Así, sin tener tiempo de pensarlo, me encontré enrolado para vivir en el cielo…
— ¿Debilidad? ¿Se le pone la piel azul? ¿Vértigo? ¿Náuseas? — me interrogaba el doctor—. ¿No tuvo vómitos?
— No, tan sólo tuve fuertes náuseas cuando corríamos detrás del automóvil.
El doctor se quedó pensativo cosa de un minuto y dijo:
— Usted sufre de la enfermedad en ligero grado.
— ¿O sea, puedo volar, doctor?
— Sí. Creo que puede. En el cohete, claro, hay tan sólo una décima parte de la presión atmosférica normal; en compensación, usted respirará oxígeno puro, sin mezclas de cuatro quintos de nitrógeno, como en la atmósfera terrestre. Esto es completamente suficiente para la respiración. Y en la Estrella Ketz hay cámaras interiores con presión normal. La Estrella se halla sólo a una altura de mil kilómetros.
— ¿Cuántos días durará el vuelo? — pregunté.
El doctor me miró de soslayo burlonamente.
— Veo, que usted entiende muy poco de viajes interplanetarios. Pues sí, querido amigo, el cohete tarda hasta la Estrella unos ocho o diez minutos… Pero como hay que trasladar a personas no avezadas, el vuelo se prolonga un poco más. Para aprovechar la fuerza centrífuga, el cohete vuela con un ángulo de veinticinco grados con respecto al horizonte y en dirección a la rotación de la Tierra. Los primeros diez segundos la velocidad aumenta hasta quinientos metros por segundo y tan sólo durante el tiempo de vuelo a través de la atmósfera disminuye algo la velocidad, para que luego, cuando la atmósfera empieza a enrarecerse, aumente de nuevo.

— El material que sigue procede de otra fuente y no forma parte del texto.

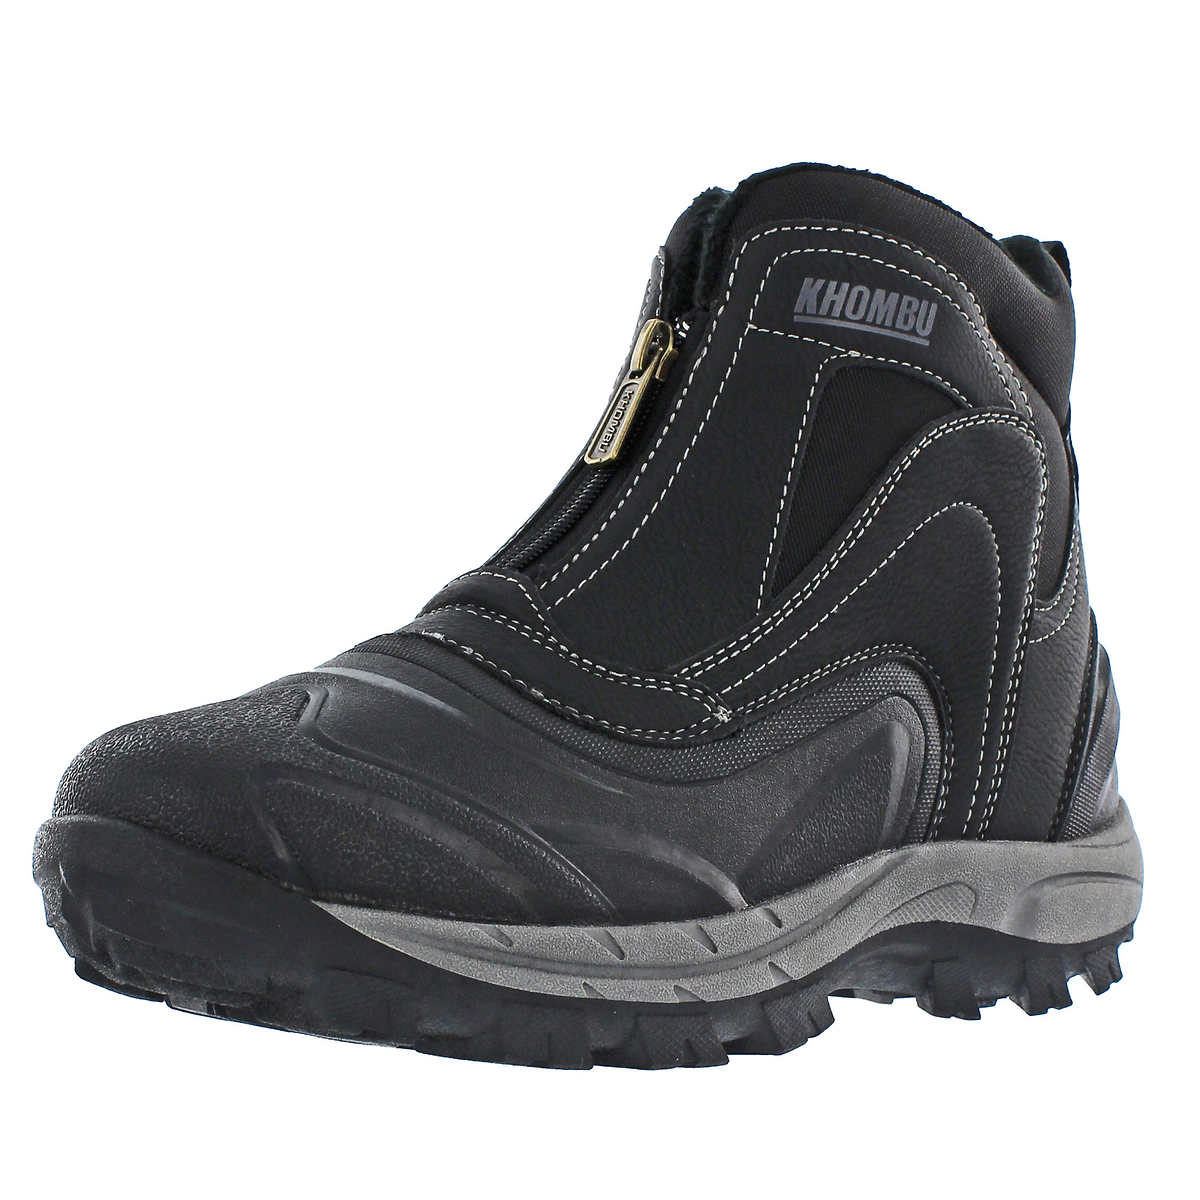 @Costco.com - Khombu Men's Hybrid Winter Boot  $19.97 or 3 for $45
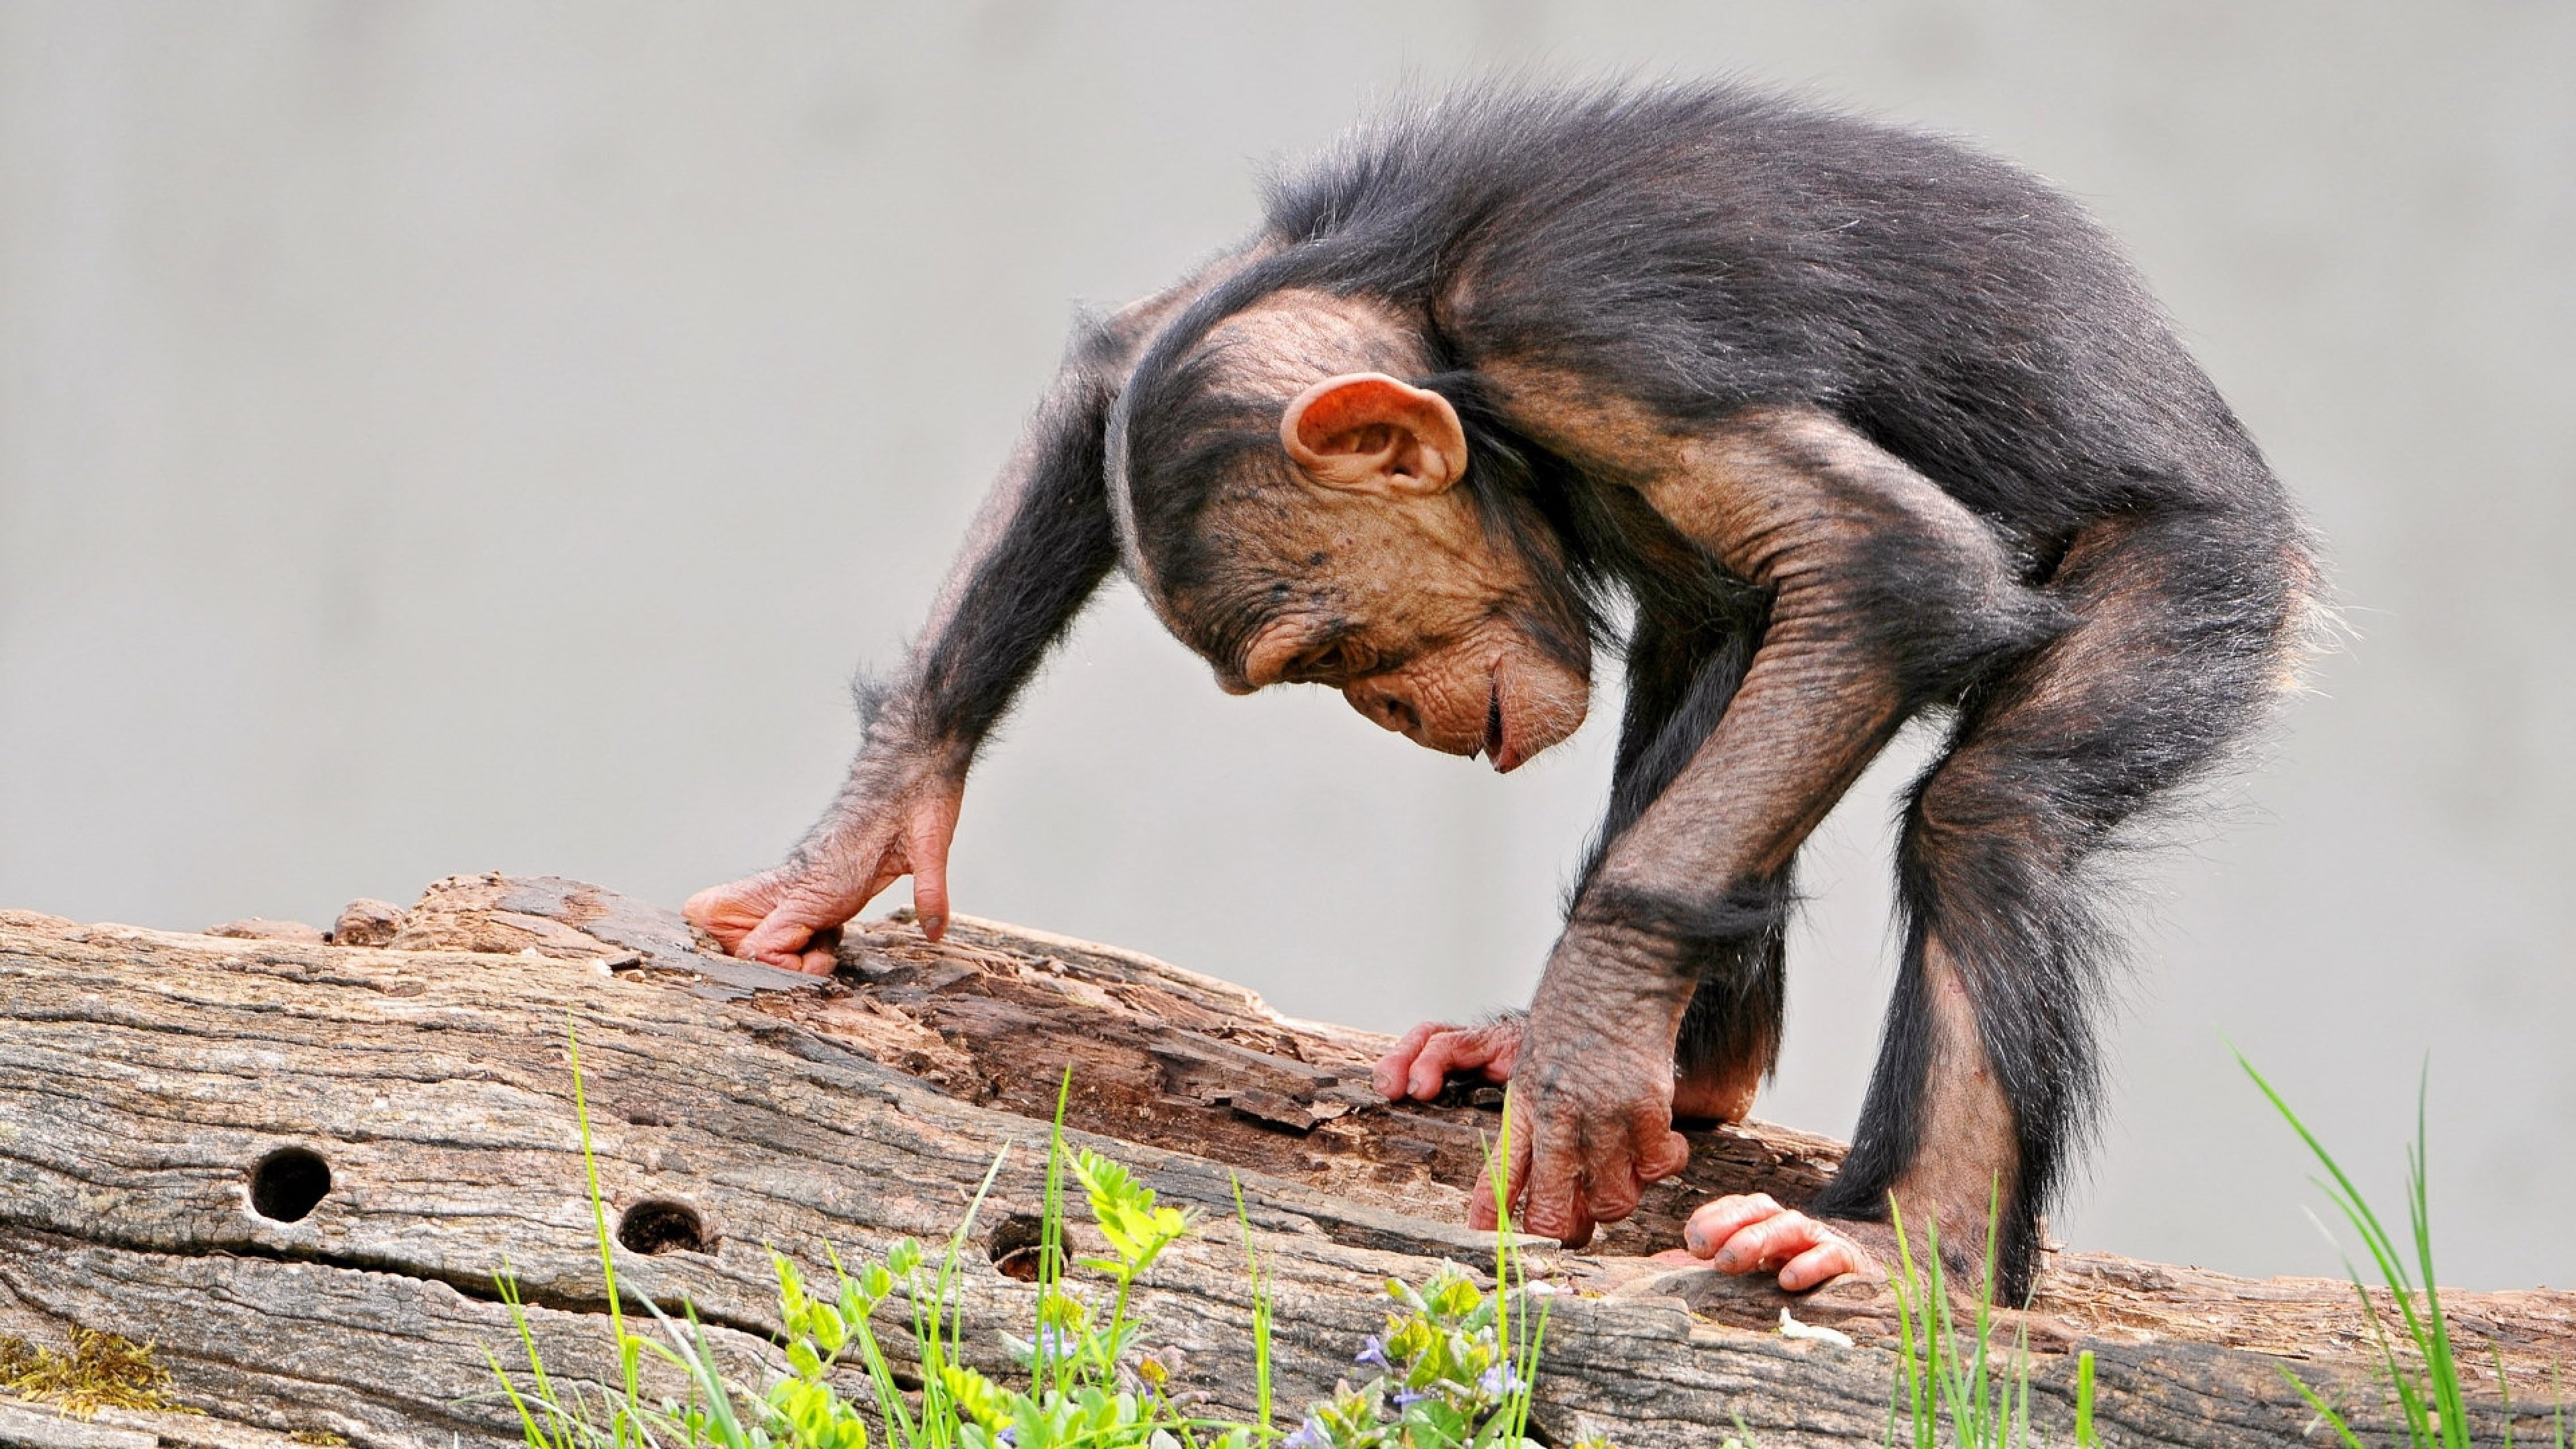 Chimpanzee photography, Chimpanzee close-up, Primate behavior, Jungle habitat, 3840x2160 4K Desktop

— ¿Por qué la velocidad disminuye durante el vuelo a través de la atmósfera? ¿Frenando?
— El frenado puede ser superado, pero es que durante el vuelo en la atmósfera a grandes velocidades, la fricción del cohete con ella hace que la envoltura exterior se caliente en extremo y también que aumente la sobrecarga. Y sentir que nuestro cuerpo aumenta de peso en diez veces, no es muy agradable que digamos.
— ¿Y no nos quemaremos con la fricción de la envoltura exterior con la atmósfera? — pregunté receloso.
— No, aunque puede ser que suba un poco. Pues la envoltura del cohete la forman tres capas. La interior es de metal duro, con ventanillas de cuarzo recubiertas de cristal ordinario, y con puertas que cierran herméticamente. La segunda es refractaria, de material que casi no transmite el calor. Y la tercera, exterior, a pesar de ser relativamente delgada, es de metal extraordinariamente refractario. Si la envoltura exterior llega a calentarse hasta el rojo, la intermedia retiene el calor y no lo deja penetrar al interior del cohete; además la refrigeración es inmejorable. Un gas refrigerante circula sin interrupción entre las envolturas, filtrándose a través de un material poroso y refractario que separa las envolturas entre sí.
— Usted, doctor, es un verdadero ingeniero — dije yo.
— Qué le vamos a hacer. Es más fácil adaptar el cohete al organismo humano, que el organismo a condiciones anormales. Por esto los técnicos no tienen más remedio que trabajar en contacto con nosotros. Si hubiera visto los primeros experimentos. ¡Cuántos fracasos! ¡Víctimas!
— ¿Y hubo víctimas humanas?
— Sí, también humanas.
Sentí un hormigueo en la espalda. Pero era ya tarde para retroceder.
Cuando volví al hotel, Tonia me comunicó muy alegre:
— Ya lo sé todo. Se ha arreglado todo maravillosamente. Volamos mañana al mediodía. No se lleve nada de sus cosas. Temprano, antes del vuelo, nos bañaremos y pasaremos por la cámara de desinfección. Recibiremos ropa y vestidos esterilizados. El doctor me comunicó que está usted perfectamente bien de salud.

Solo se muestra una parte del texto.